Things really changed about a year ago. BOOM! Suddenly it was Avocado Central around here. More than one shop in Etropole had avocados in stock pretty much all the time. Kaufland had avocados permanently on offer. We slipped back into our Waitrose-loving, Guardianista snowflake ways, eating smashed avo on toast every week. Living the Millennial dream, like the horrible clichés we are.
So when there weren’t any avocados in stock at the supermarket last week, I was … confused, bereft. They can’t take my avocados away from me, I fumed. This is an outrage. I demand avocados!

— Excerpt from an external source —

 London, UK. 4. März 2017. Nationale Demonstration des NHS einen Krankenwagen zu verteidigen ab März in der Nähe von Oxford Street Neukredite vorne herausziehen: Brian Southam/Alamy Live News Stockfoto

Anyway, I’m sure it was just a temporary blip, but it goes to show how different things are these days. And how we’ve once again got used to having easy access to life’s little luxuries. Rob ordered a burrito in a restaurant in Botevgrad the other week. A burrito! I remember when, outside of Sofia, we’d struggle to find much more than shopska salad and cheesy chips on the menu. (Partly, to be fair, due to our middling language skills, but also because most local restaurants really did only offer the same few dishes.)

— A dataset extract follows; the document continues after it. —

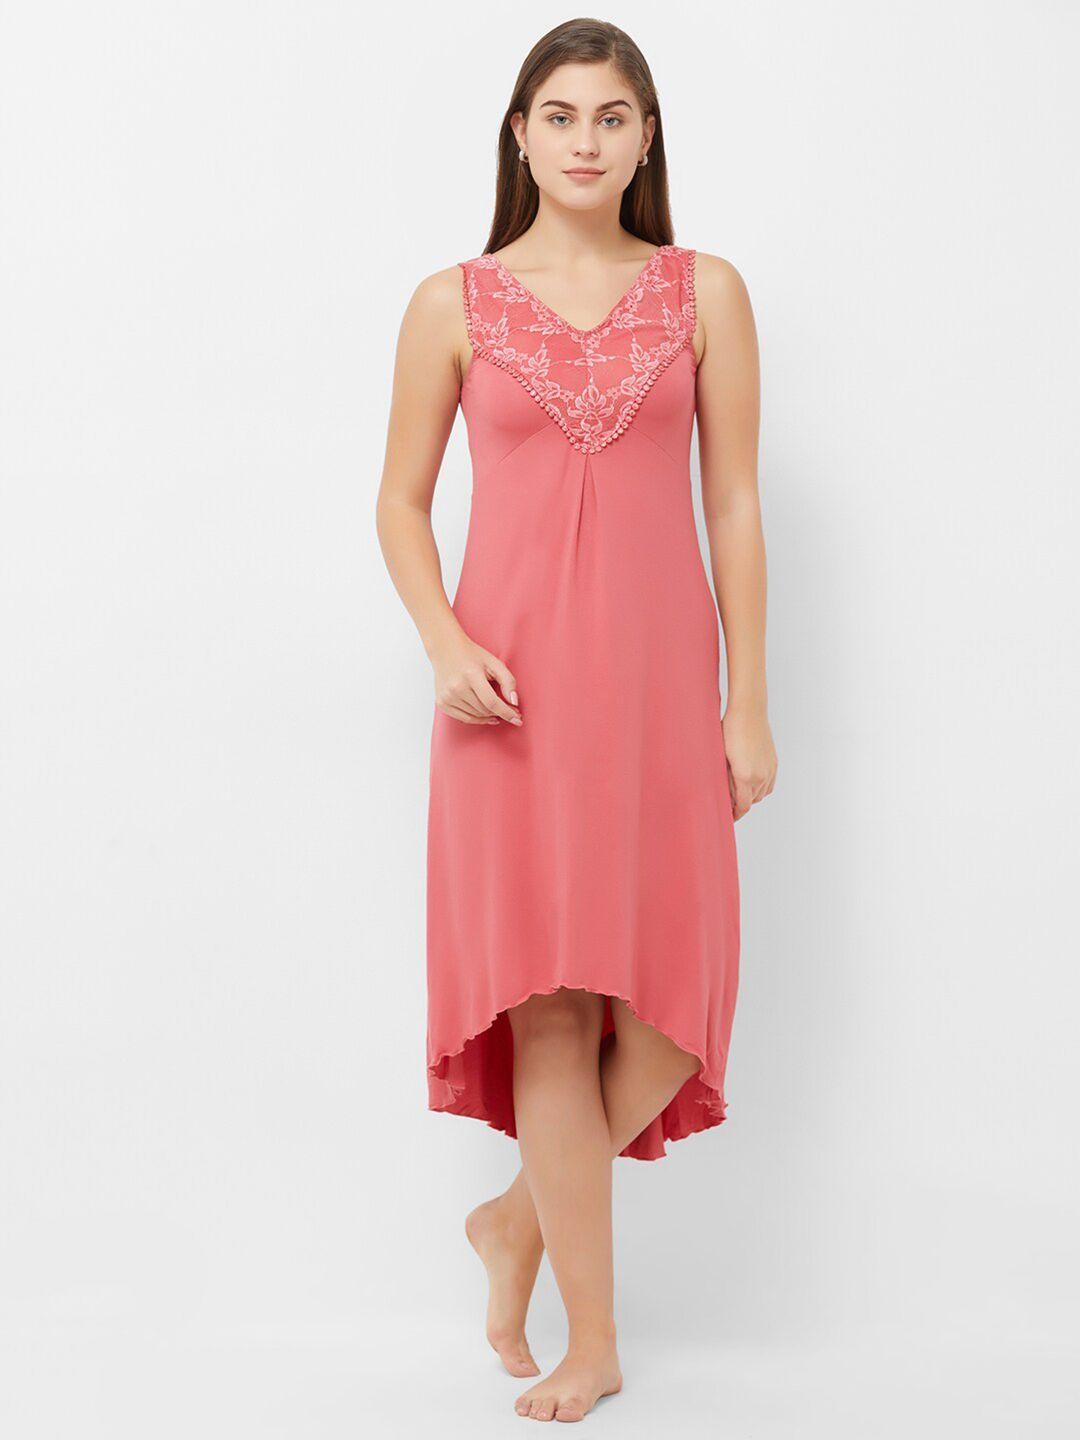 soie-women-pink-nightdress

And in other food-slash-national-development news, a KFC has just opened up about 10 miles from our house. I’m not sure how I feel about this. On the one hand, it’s a distressing sign of the increasing Westernisation of the mad, unique country that we love. But on the other hand, well, KFC’s Fillet Tower Burger. I mean, it’s a chicken burger with cheese and a hash brown on top. What’s not to love about that?
Yet last time we where in the centre of Burgas (September 2018) McDonalds had closed down. When we passed it was usually full of old ladies eating cheap ice cream cones.
Hope those avos reappear! Does Bulgaria have it's own version of Mac ds?
What about Bulgaria's place on the avocado toast index? Just in case you have forgotten, it is how many avocado toasts you could eat for the cost of a house in Bulgaria. If we are talking about rural Bulgaria, and not Lozenets, thewn my guess would be simple: not very many. But the serious BG avocado-eaters are, of course, concentrated in Lozenets.
The McDs in Sofia are usually full of foreigners.
That sounds about right, Katt…!
Hmm, not sure as there's already plenty of McDonalds, KFCs and Burger Kings. There is Happy Bar & Grill, which is a cheap and cheerful restaurant chain, but it's not fast food. It's more like a really low rent TGI Fridays.
Oh my, if we lived in Sofia, we'd definitely be in Lozenets, with our avocado-loving brethren!
Oh dear! I have to confess that we do go to The Happy Grill from time to time. It is a kind of nostalgia (or maybe noshtalgia) thing because we first went there during our first-ever visit to Bulgaria, fifteen years ago. The Creme Brulee is not crunchy enough, alas.
Lozenets ought to be very nice, as you will not find many apartments for under 100,000 euros and a lot over that price. You could buy a whole village in the BG countryside for that sort of crazy money. Also the shops in Lozenets tend to be trendy and boutiquey and the prices are predictably silly. I am not going to complain about Lozenets too loudly because my new school is paying for the rent of our apartment.
Nothing wrong with a giant Happy Bar beer every now and then, although I don't love the food. But that's because I'm a sucker for trendy food at silly prices! Which is why Lozenets sounds like my idea of heaven.